Having demolished Trump in short order (and still against the supportive swells of a Hammond organ), the pastor calls up someone to talk about a service planned for Tuesday. She is the daughter of Eric Garner, a man who was held in a choke hold by police officers five years ago and subsequently died, a case that went viral in America as it was recorded on a phone; she speaks about the support she has had from the church and, urged by a congregation shouting her on – “That’s right”, “A-men” – she talks with great passion about the continuing fight.

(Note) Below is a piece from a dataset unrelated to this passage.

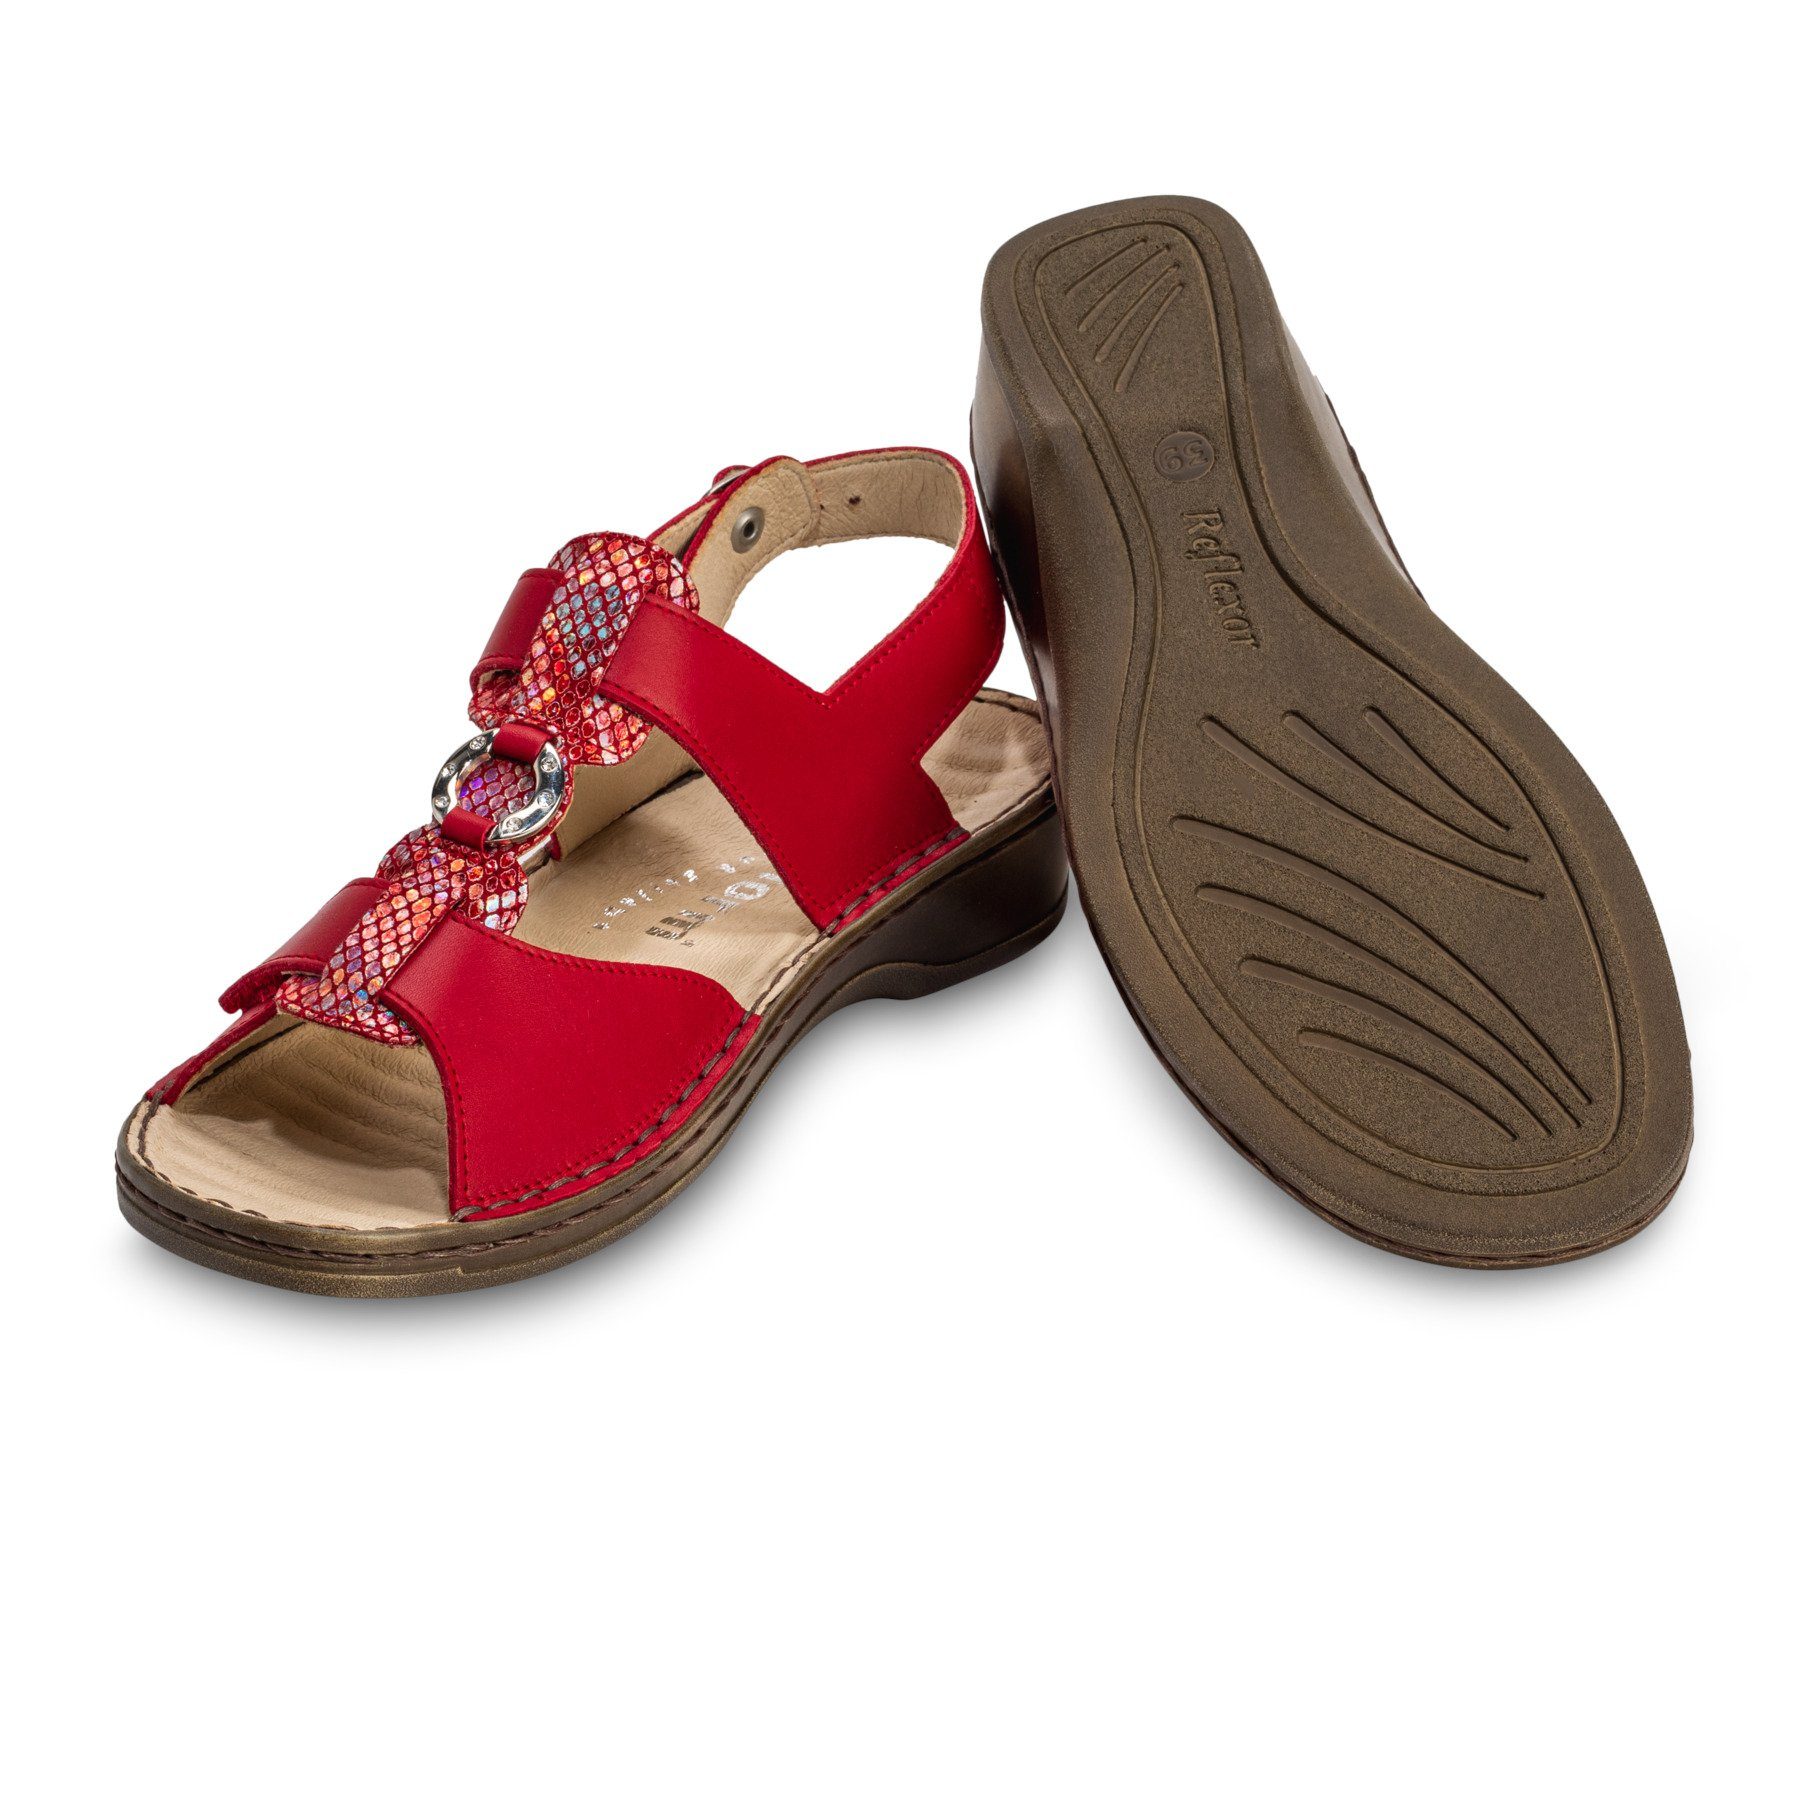 Sandale Damenschuhe rot Leder Sandalette echt vitaform

And this, ultimately, is what the church prides itself upon: social justice and community. As church business is discussed various initiatives are updated upon, from books being given to underprivileged children, to support for local schools. The pastor openly refers to Garner’s death as “a murder”, and there is a sense, as clear as day, that he wants his community to feel not only strengthened but also fighting, resilient in adversity, bolder collectively than its people could ever be individually. I’m an atheist, nothing more than a tourist here with a great interest in how faith shapes other people’s lives. But I like this idea of religion: looking after your own, trying to improve things together, looking out for the people who’ve been left behind.
Generally the tourists up the top last about an hour before being ushered out for a tour of Harlem; the service itself will go for hours (some who have visited on tours like this moan about the time they spend listening to church business, but then again, this is supposed to be a functioning church, not just a show).

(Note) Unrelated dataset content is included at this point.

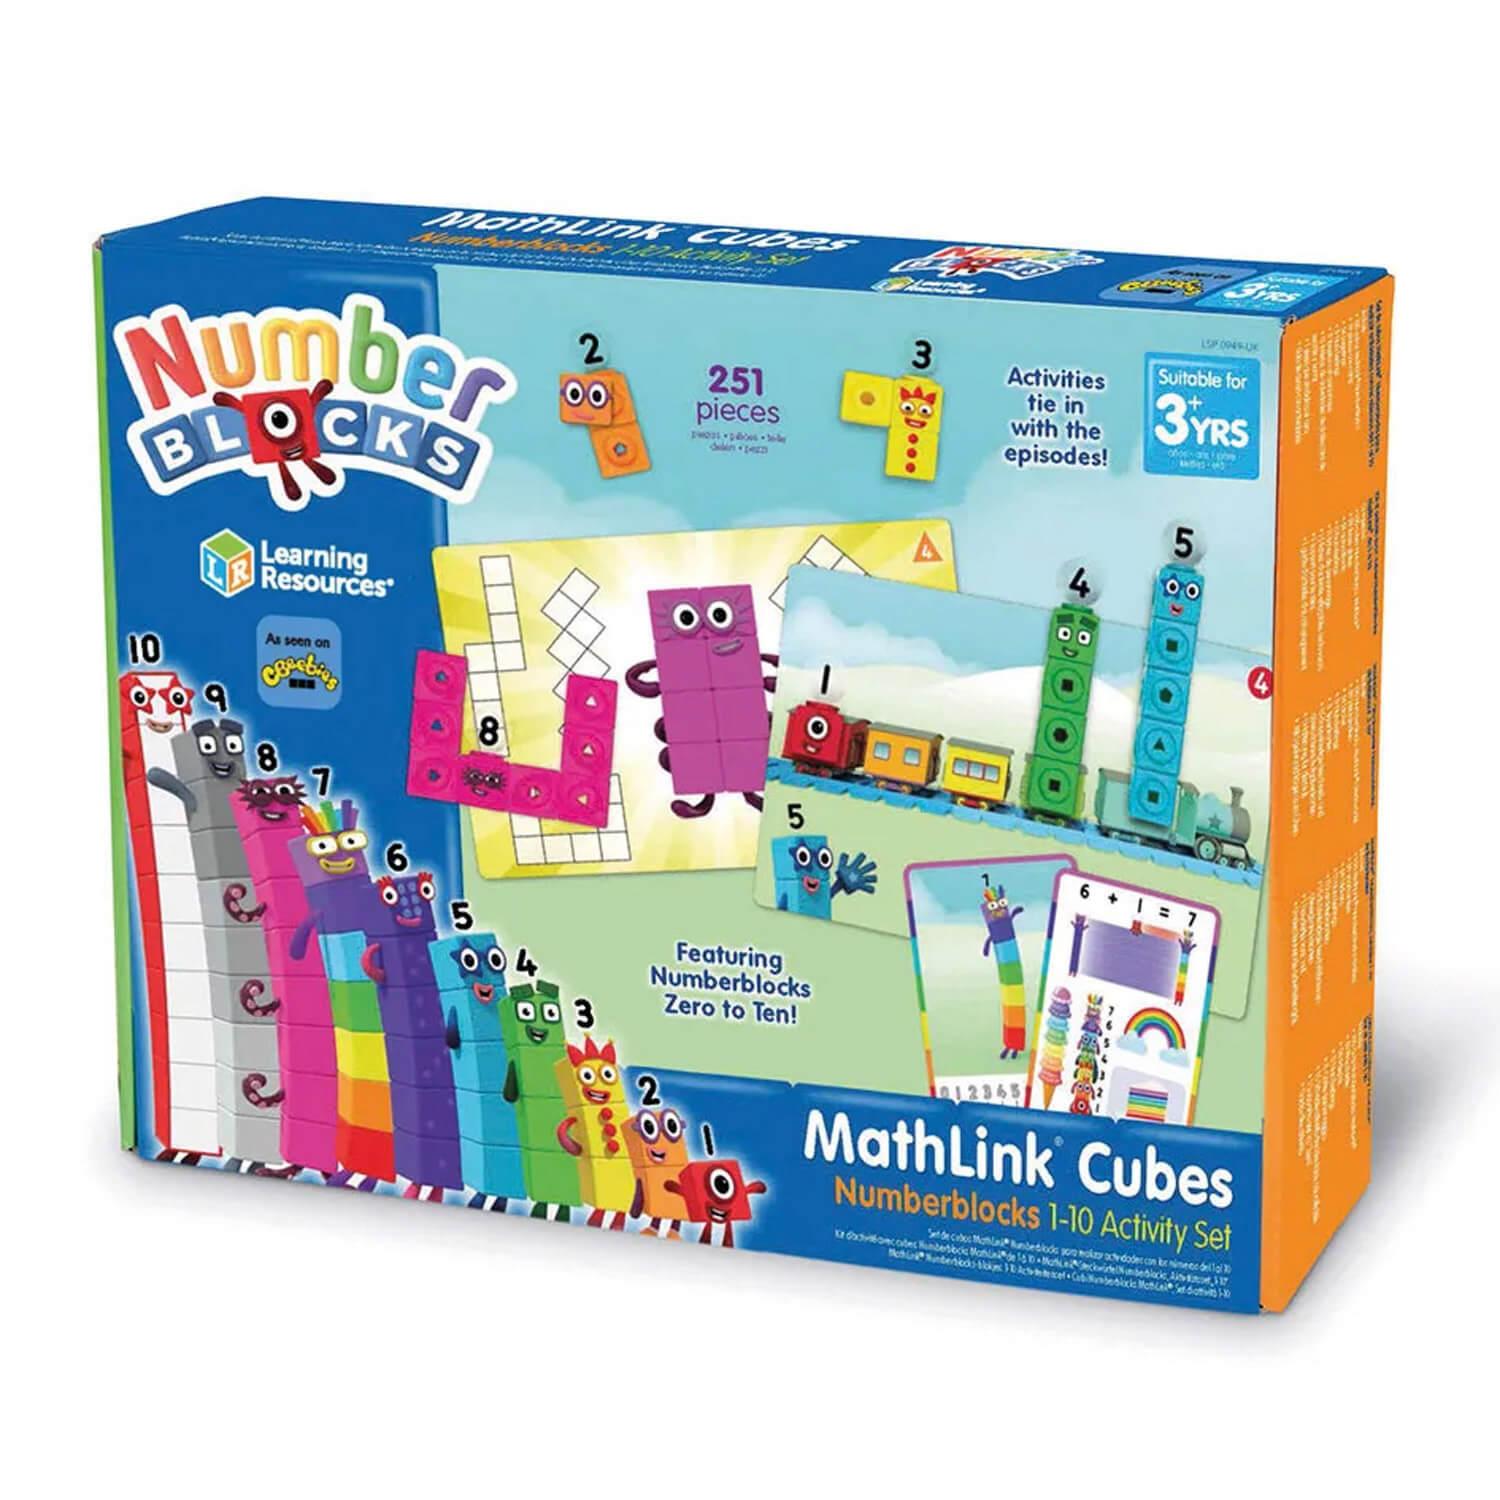 Kit d?activités avec cubes MathLink Numberblocks de 1 à 10

It’s hard to know what they must think of us up here. Clearly, our visit supports their church; we have all paid to be on the tour, and are encouraged to put in $5 per person when the plate goes around, and there must be about 300 people on this upper tier. So it’s in the church’s interest to tolerate this rubber-necked inclusion. Plus, of course, a church always wants to spread the word; maybe they attract some believers this way.
In any event, my family and I come out of the whole thing enlivened. That was a privilege, we say: a window into somebody else’s world, and one filled with music and dancing and passion. When you look at the outside of the church you’d never notice it, far less striking than the mosque on the corner of the same street that supports the Senegalese Muslim population in this neighbourhood. But at the Canaan Baptist Church, people are stepping out of it in a better frame of mind than they stepped in. And that’s not just for show.
Thank you Mr. Wright for your reflections on what it is like to visit a Church as a tourist. Or as "Spectators" as you referred to your group.
While we, here at Canaan, always pray that those who join us on Sunday mornings will be worshipers and not spectators and we actively seek way to engage tourist to worship in their own (familiar) way while we, unashamedly, do the same.
Let me say that I understand American English may not be your native tongue and American idioms can be confusing.